Работа не из легких, и порой совсем неприятна, но это и есть медицина, и это не простая училищная теория, а колоссальная практика, — значит, рост, к окончанию учебы она уже медсестра, и теперь не только на работе, а даже дома покоя нет — тому капельницу поставить, там укол, и даже как к врачу к ней обращаются, и это тоже уже по новым временам, как и многое остальное, — ведь медицина тоже разваливается. Те, кто устраивал революцию, захватил власть, утверждают — нечего болеть, нация должна состоять из здоровых людей, а если Бог не дал здоровья, значит так предписано Им — Слава Аллаху! И вообще, не только враги, но и всякий образованный люд — не в почете! А в почете и у власти — те, кто, вроде бы, храбрее, мужественнее, патриотичней. И может, кто-то и удивился, даже не понял, только не Роза, когда узнала, что ее сосед Гута Туаев теперь большой начальник, на новый манер рыжую бородку отрастил, частенько по телевизору пламенные речи ведет, будто политик, а главное, у него обнаружился новый дар — градостроительный, и он отныне отвечает за все строительство и жилищнокоммунальную сферу столицы республики. И не видит Роза более бывшего мужа за рулем, у него персональный водитель и несколько охранников с автоматами. Туаевы вновь на коне, почти что пол квартала выкупили, и если Грозный на глазах буквально хиреет, то на участках Туаевых действительно градостроительный бум. И вроде бы Розе не до Туаевых, но проходя ежедневно мимо их грандиозных строек, где даже работают в основном приезжие — якобы лучшие специалисты, у нее настроение надолго портится. И она внушает себе, что это не от того, что ее судьбу обломили, а хуже — что ситуация в городе более чем плачевная, а уж что творится в больницах, и словами не передать — никакого бюджетного финансирования, зарплату давно не платят, лучшие специалисты бегут, а те, что остались, вынуждены от пациентов деньги брать, а у кого их нет — те в коридорах стонут. В общем, небольшая когорта, воспользовавшись переворотом, всякими способами дорвалась до власти, окружила себя многочисленной охраной и теперь жирует, чуть ли не замки строит, в то время, как народ бедствует. Как утверждают лидеры — все это «ничего, революция требует жертв, надо терпеть, зато треть, оставшаяся в живых, будет жить в настоящем раю».
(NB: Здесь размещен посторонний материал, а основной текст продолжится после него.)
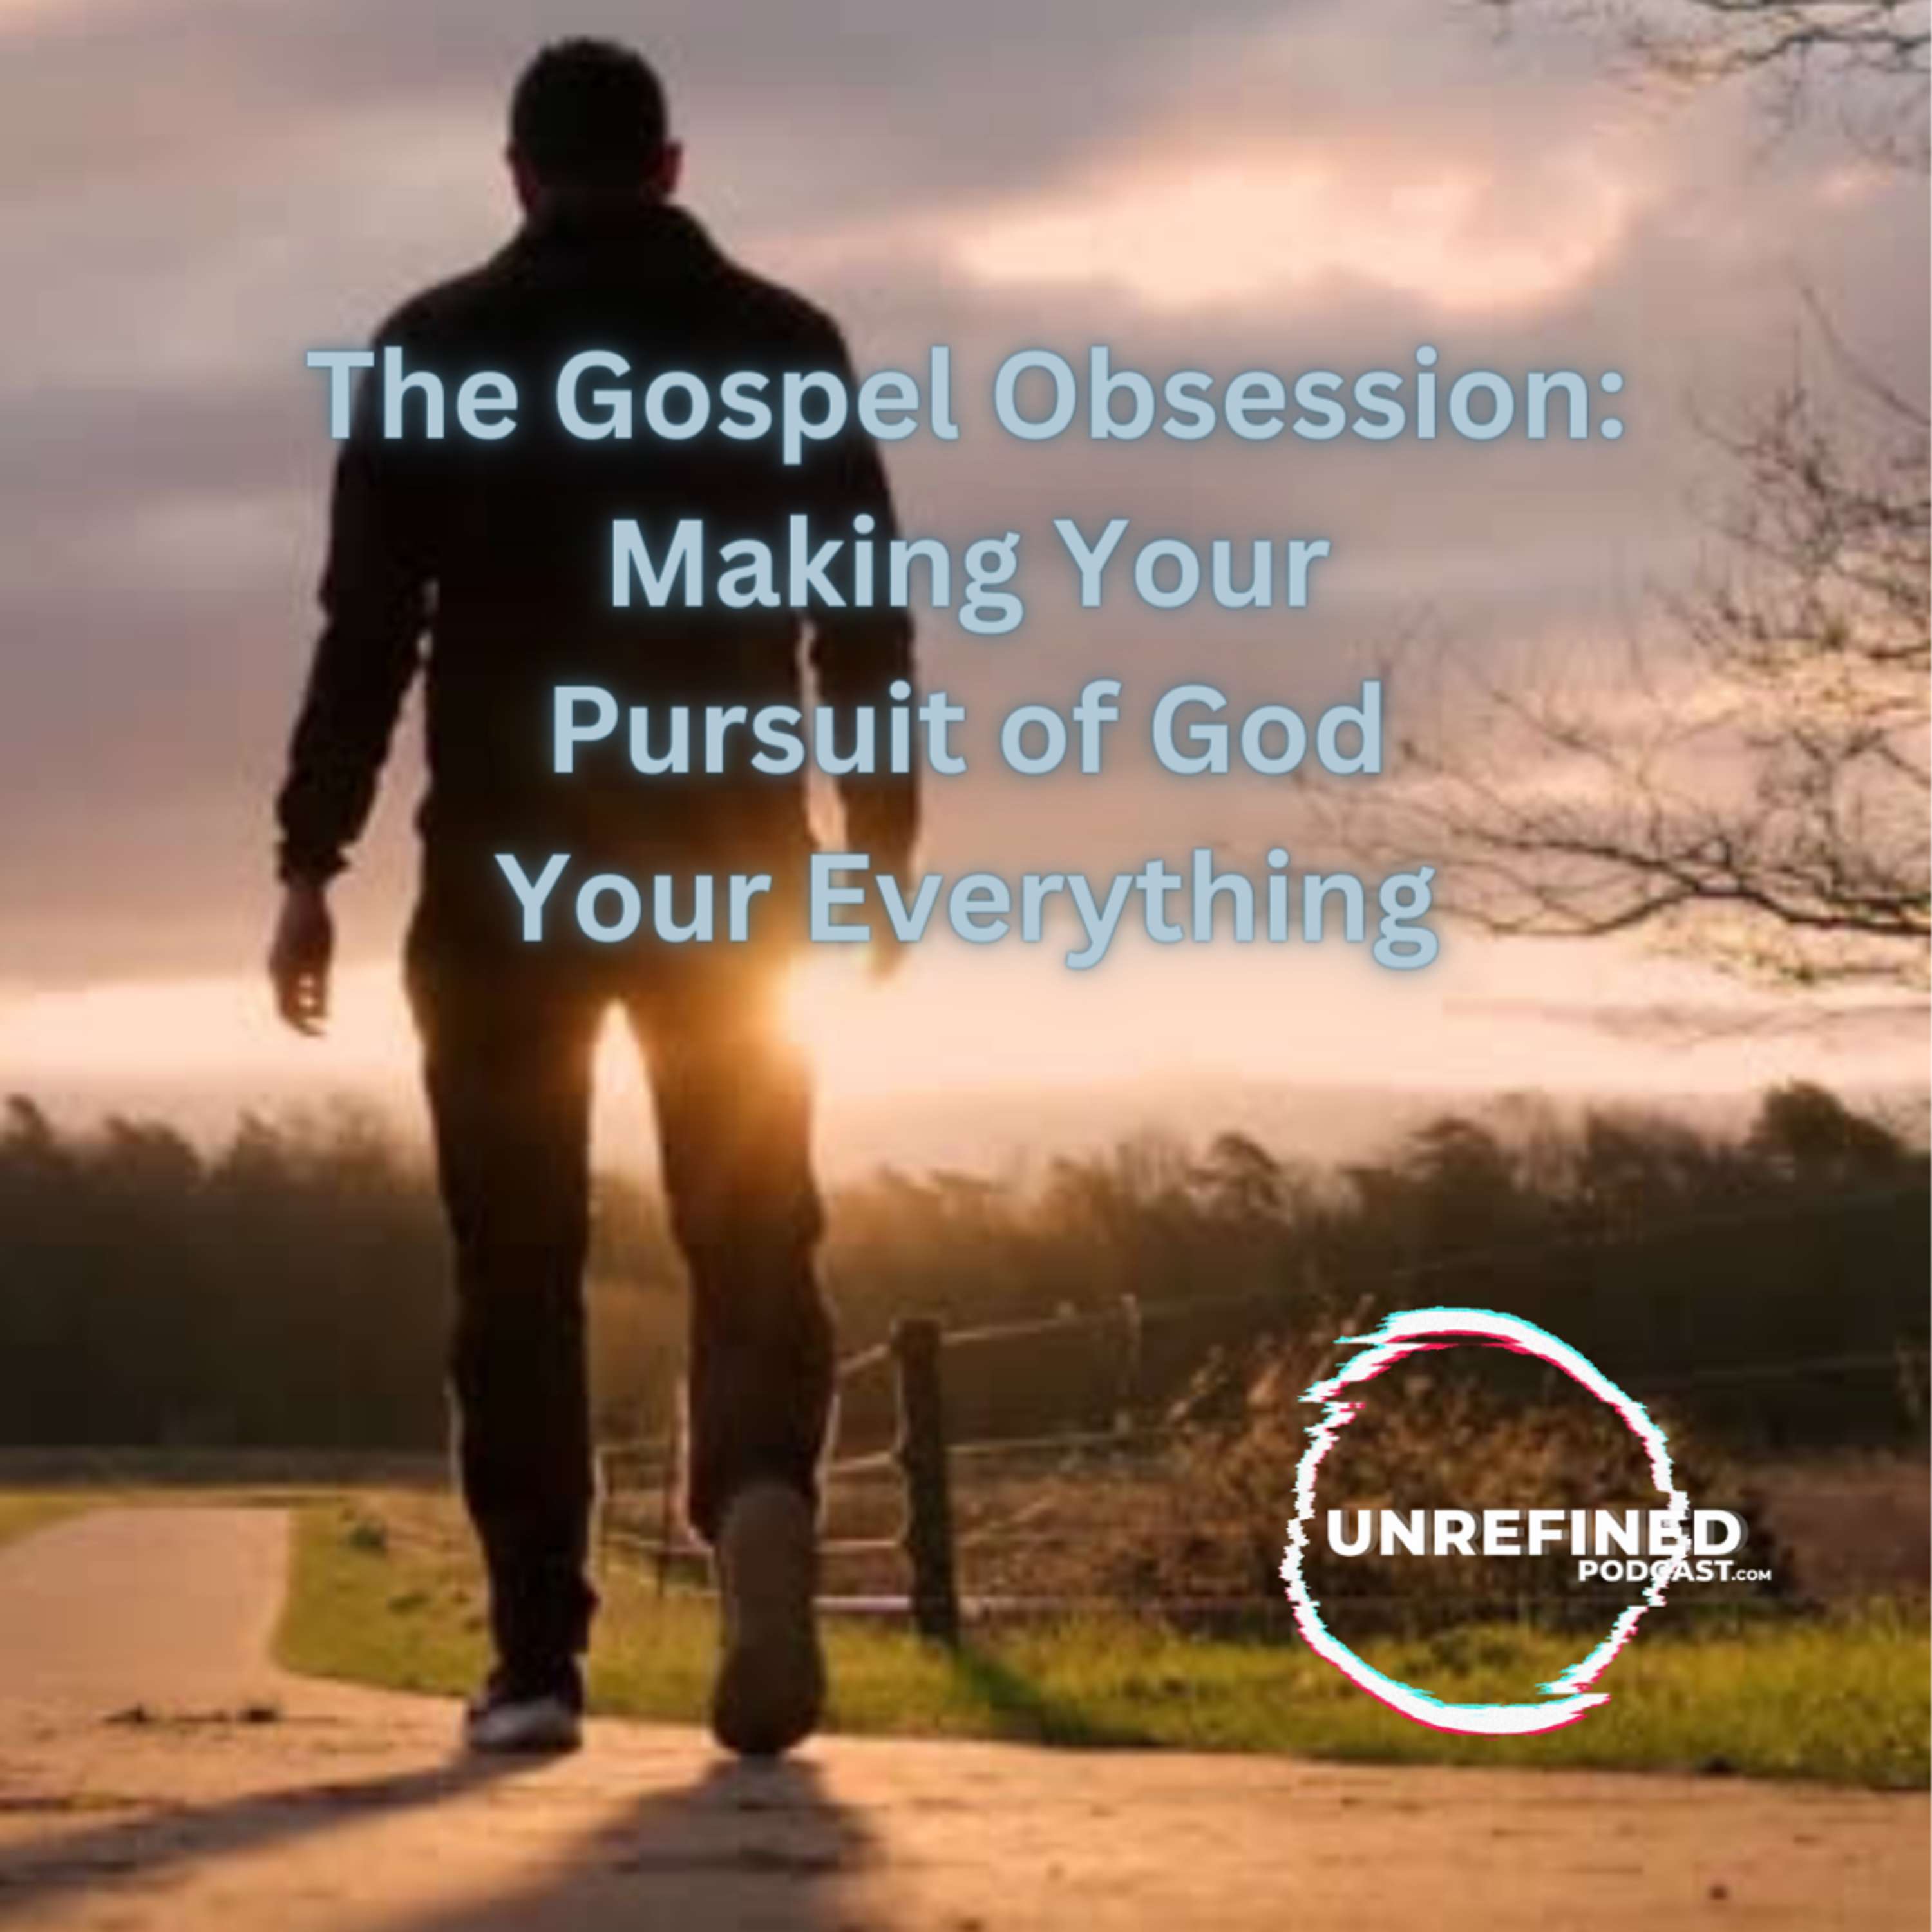 The Gospel Obsession: Making Your Pursuit of God Your Everything

Однако кто сколько жить будет, не лидеры решают. Вот и бывший свекор Розы; теперь очень уважаемый, вальяжный человек, отец самого Гуты, вдруг тяжело заболел, возили его на лечение в Москву, привезли, а лечение продолжать надо, в округе, кроме Розы, капельницу поставить некому. У Розы, все твердят, рука легкая, вот и обратились к ней вынужденно, ласкаясь, и хорошо еще, что сходу деньгами не стали прельщать.
По правде, не долго думала Роза, ведь она медработник. Целый месяц через день она по часу пребывала в доме бывшего мужа, старика выходила, и хорошо, что ей денег не предложили, зато чуть позже узнала, что бывшая свекровь ее матери очень дорогой подарок сделала. То-то и в доме Розы, и по соседству заговорили о восстановлении семьи. Но эти разговоры сам Гута на корню обрубил, на совсем юной девчонке женился, много дней гуляют, гостей не пересчитать, раз на улице столько дорогих импортных машин было, что прохода нет, и целую неделю, денно и нощно, из всех видов оружия палят, спать в округе не дают, и, может быть, еще бы кутили, да кто-то кого-то вроде бы случайно подстрелил — праздник перерос в скандал. Говорят, у Туаевых возникли проблемы, старики туда-сюда стали ездить, в общем, в конце концов, видимо, договорились; наверное, просто откупились. И может, от самих Туаевых по соседству слух: «неблагодатная невеста, заботы в дом принесла», — будто невеста кутила и стреляла.
А наша Роза, внешне хоть и безразличие выказывает, в глубине души обиду не может заглушить, и не то что ревнует, что-то к Гуте питает, нет; просто что же получается: мужчины хотят — женятся, захотят — разводятся, и никакой ответственности перед женой и ни перед кем нет, младших братьев прислали, чтобы те что-то промямлили — и все дела. И плевать на судьбу женщины, на ее жизнь, на ее горе. А вот у других народов — все иначе: развод — дело не простое, и мужчина при распаде семьи страдает не меньше, особенно в материальном отношении. Может, поэтому иначе живут.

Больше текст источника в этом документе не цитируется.